Texas capital punishment law needs reform

law of parties

Jeffrey Wood has become a poster boy … of a sort.

No, he won’t be showing up on a beefcake calendar. His name, though, could become part of an effort to provide significant improvements to Texas’s laws governing capital punishment.

This week, the Texas Court of Criminal Appeals halted Wood’s scheduled execution for a crime he didn’t commit. It sent the case back to a lower court to determine whether he was tried properly.

Beyond that, Wood’s case has brought to light a dubious provision in a state law that allows juries to convict someone of a capital crime — even if they don’t commit the actual act.

In 1996, Wood was sitting in a truck in Kerrville while his friend, Philip Reneau, was inside a convenience store committing a robbery. Reneau demanded the store clerk turn over the safe; when the clerk refused, Reneau shot him to death.

Meanwhile, Wood’s presence in the truck made him — under state law — culpable for the capital crime. They call it the “law of parties,” and it creates a form of criminal equality among those who commit these dastardly crimes.

The state executed Reneau in 2002. Wood’s turn was coming up. State Rep. Jeff Leach, R-Plano — a staunch supporter of capital punishment — has asked Gov. Greg Abbott and the Texas Pardons and Parole Board to commute Wood’s sentence. He doesn’t think the death penalty in this case is right and just.

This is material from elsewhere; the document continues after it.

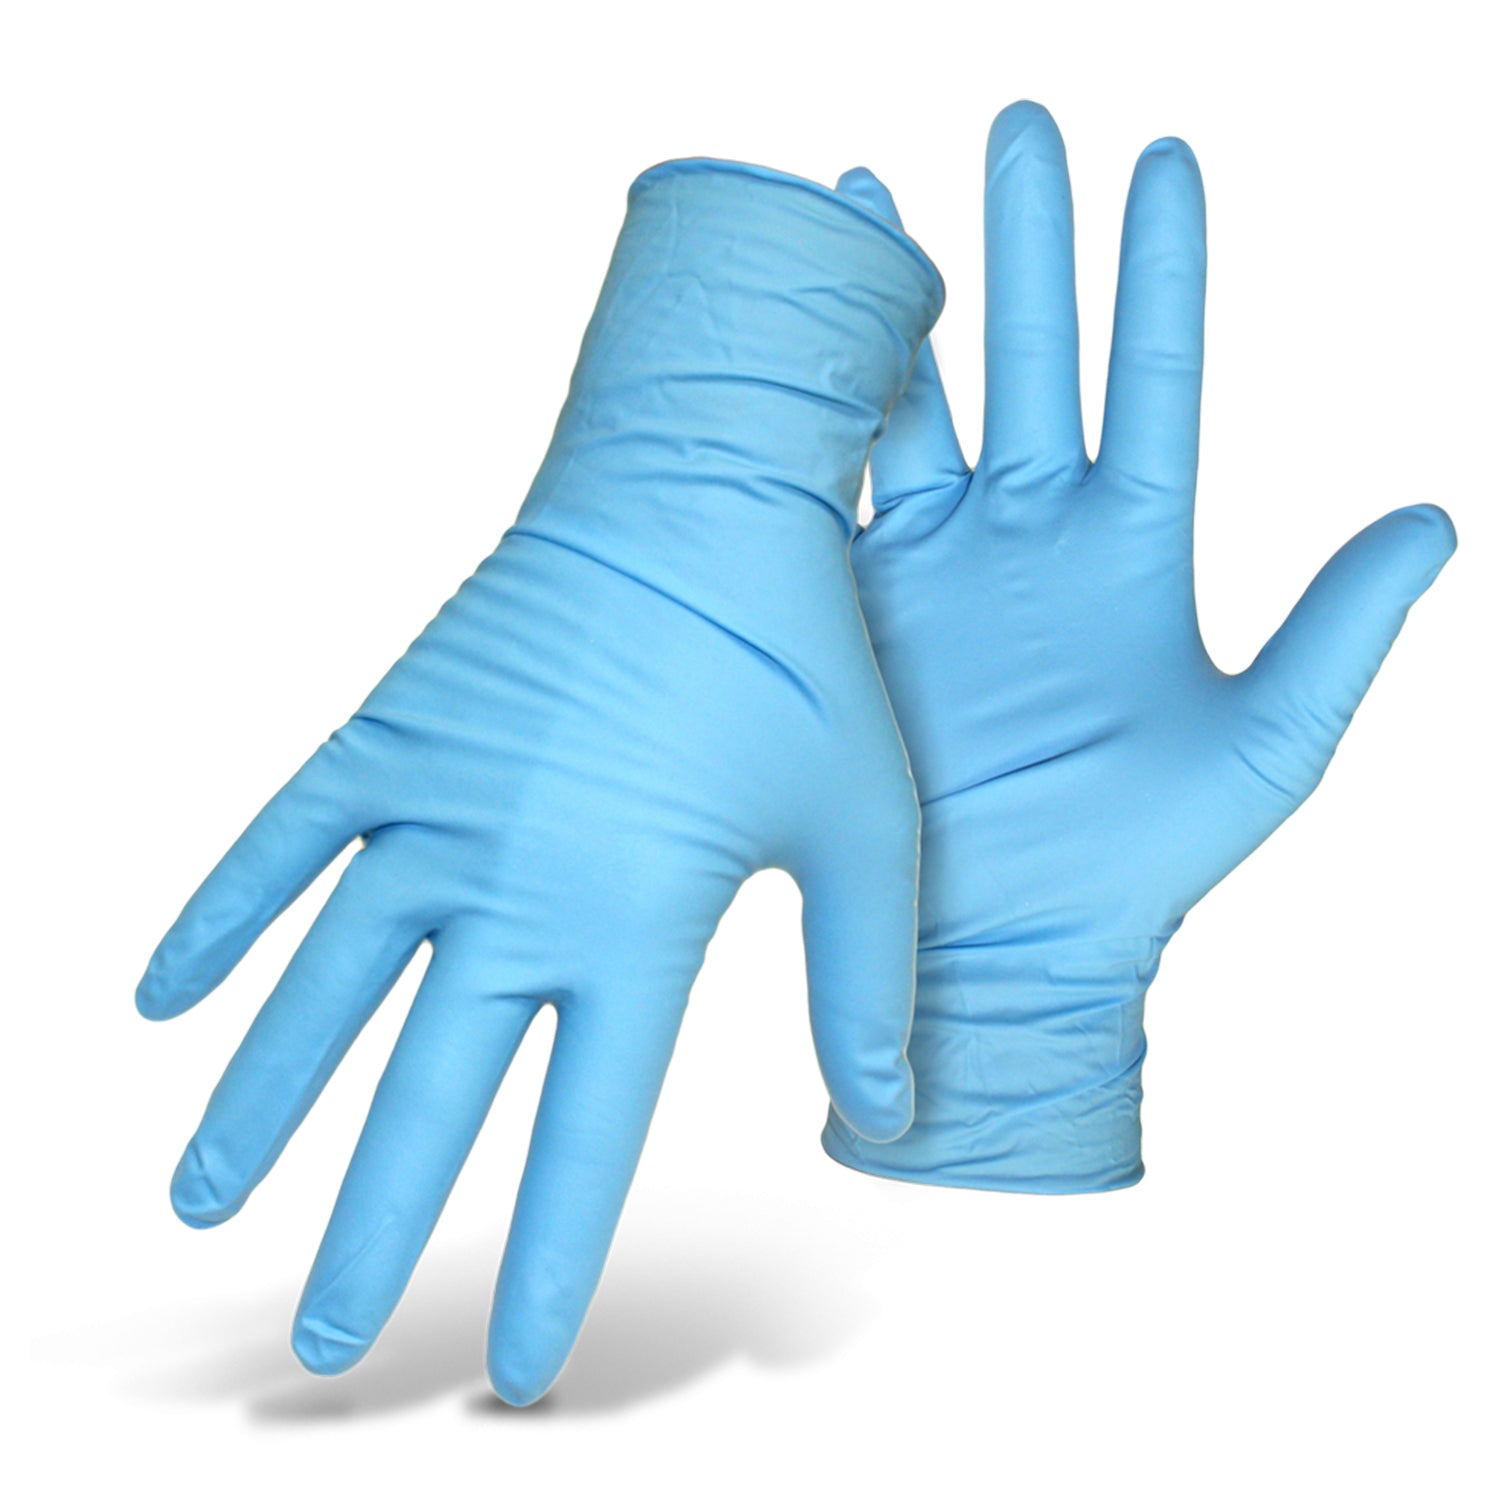 Premier AF Nitrile Examination Gloves | Sterile | Latex Free | Large | Pack of 50 Pairs (2)

There ought to be a more permanent and comprehensive solution to this matter. The Texas Legislature ought to rewrite the law to separate the person who commits the crime from an individual who accompanies the individual.

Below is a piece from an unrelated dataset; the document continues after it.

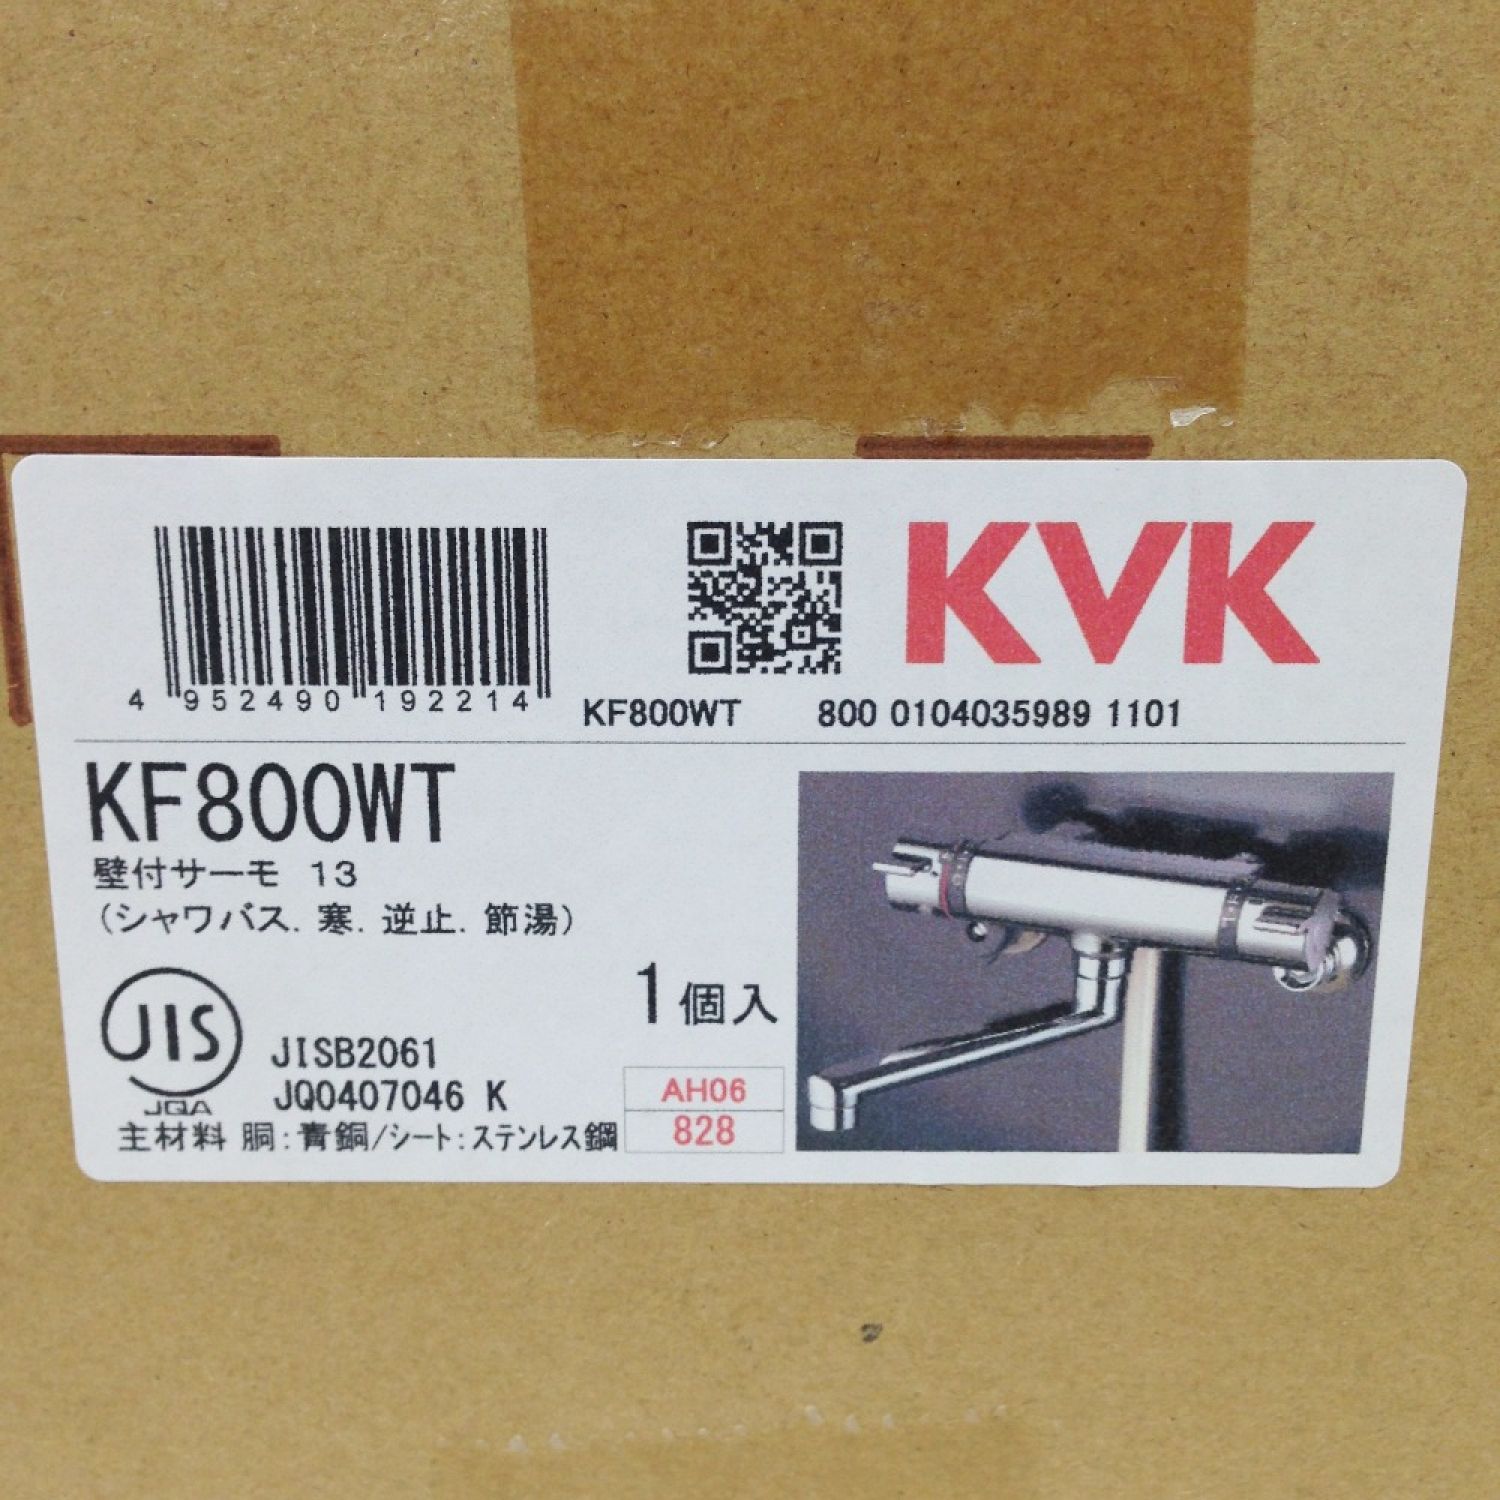 KVK サーモスタットシャワー KF800WT 適当な価格

The state argued at trial that Wood knew Reneau would kill the individual if he didn’t obtain the money. That knowledge made him equally responsible for the capital crime, prosecutors said.

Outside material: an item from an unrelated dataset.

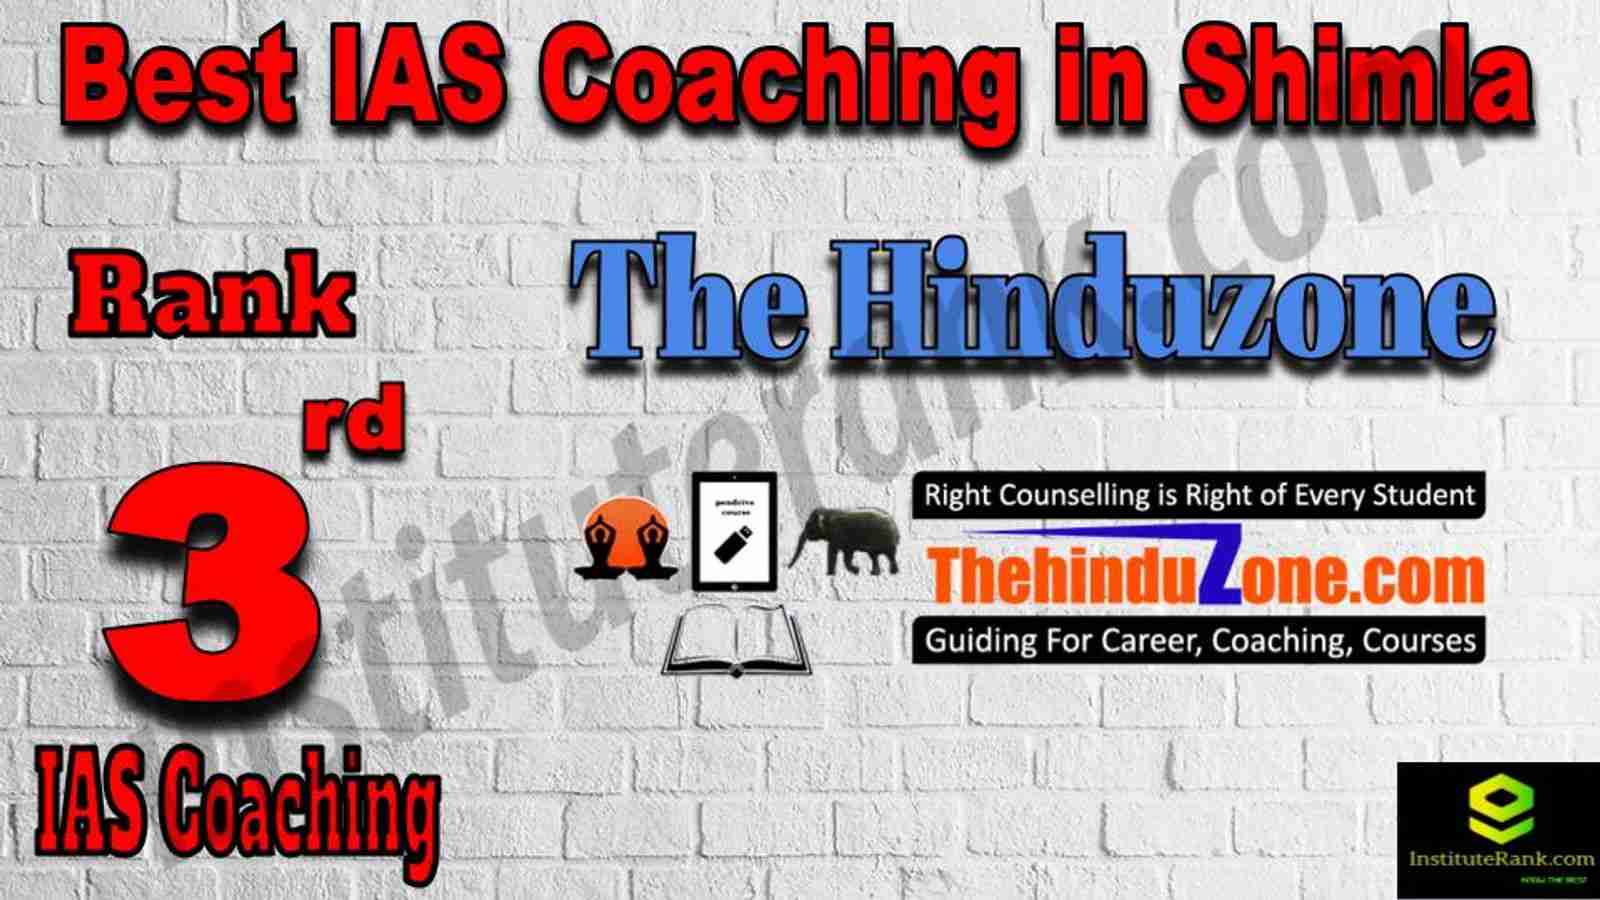 3rd Best IAS Coaching in Shimla

http://www.dallasnews.com/opinion/latest-columns/20160819-let-s-exact-justice-and-commute-jeff-wood-s-death-penalty-sentence.ece

In my quest for a perfect world, I would prefer that Texas not even have a death penalty statute. I know, though, that a majority of Texans support capital punishment. Indeed, the state has become the all-time champeen among all the states in executing those convicted of capital crimes.

If we’re going to continue killing criminals, though, the very least we can do is focus more sharply on those who actually commit the crimes.

Jeffrey Wood did not kill that store clerk. Philip Reneau did. Reneau paid the price as authorized under Texas law. Wood does not deserve to pay the same price.

Gov. Abbott should commute Wood’s sentence and spare his life.

Meanwhile, the governor — who’s also a former trial judge — ought to invite the Legislature to improve what looks to me to be a serious flaw in the state’s criminal penal code.

Get rid of the law of parties.

2 thoughts on “Texas capital punishment law needs reform”

  1. The law of parties in Texas only makes common sense to those that are in favor of the death penalty, however its a law that entrapped Jeff Wood and through poor legal representation. Wood is a case that a Texas judge had to ignore the facts of the case to apply a criminal law that should not have legally been applied. I believe that Wood is a case that should create legislative inquiry as to how it could have applied based off of the evidence that is known Wood entire conviction should be completely reversed and he should be charged with the appropriate crime which is not Murder, but is Robbery. Texas has no integrity of justice toward most poor defendants as can be established through the cases of Francis Newton, Camoron Todd Willingham, Hank Skinner, Robert Will, and many others. Texas needs criminal justice reform and this is a issue that needs to be explored through community activists, Black Lives Matter, and even through news media. Jeff is a human being and Texas almost executed a man that is fundamentally void of the charge. The Law of Parties do not fit this case.

    1. Agreed. He didn’t do the crime. Thanks for your comment .. and thanks for reading the blog.